Crime fiction, for instance, is a broad church in which gruesome crime scene investigation, legal procedure, and wry social commentary co-exist quite happily. My advice is to try not to worry too much about labels. If your writing doesn’t quite fit, no matter, there’ll be a way to shoehorn it onto that shelf. Never knowingly chase a trend is my motto.

Get the voice right and the rest will follow.

Every author has the one element they know they need to crack before they feel they’re on their way and mine is voice. This is easier to nail when writing in the first person, but just as crucial with a third-person narrator. You’re still taking up lodgings in their head, sliding under their skin. I don’t think of myself as a puppet master, more a telepathist.

Keep up with current affairs.

I know politics can make you lose the will to live, but I have had some of my best ideas after reading the papers, especially crime reports. Not the serial killer kind, but the smaller daily crimes, the frauds and feuds that can derail an ‘ordinary’ person’s life. Read beyond your own nation’s publications too if you have time.

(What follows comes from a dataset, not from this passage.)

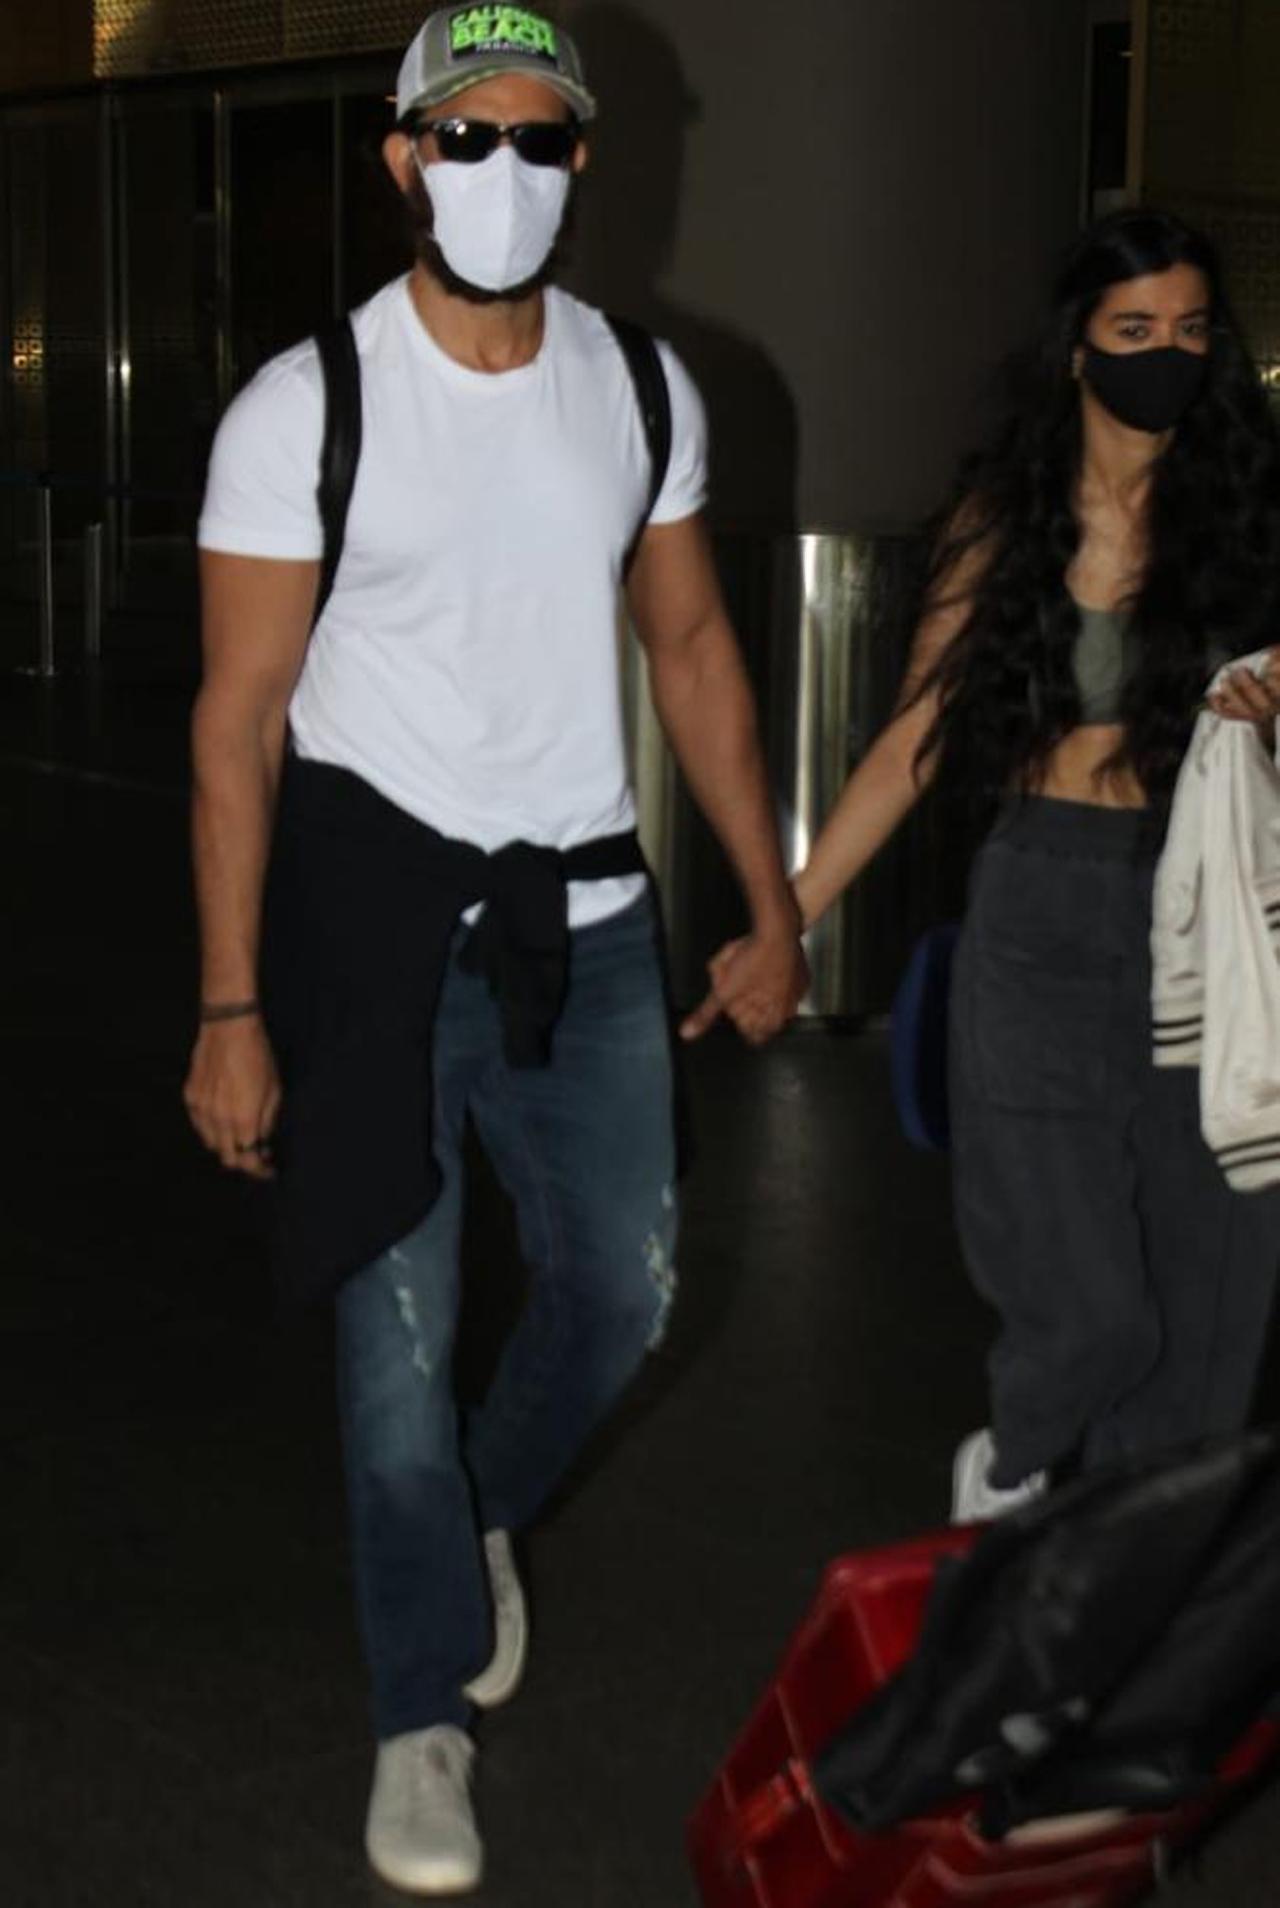 Hrithik Roshan and Saba Azad were clicked walking hand-in-hand as they arrived together at the Mumbai airport. The rumours of their relationship have been doing the rounds for quite some time now. 

Know the limits of your attention span.

By which I mean figure out the optimum time you like to spend on a project. For me it’s about a year. Any longer and I get restless and stale (not a useful combination). Recognise when you have new characters queuing up for their session and try to get the previous lot out of their seats in time. I envy those scholarly, literary writers who produce a single masterpiece every decade, but that’s not me and that’s fine.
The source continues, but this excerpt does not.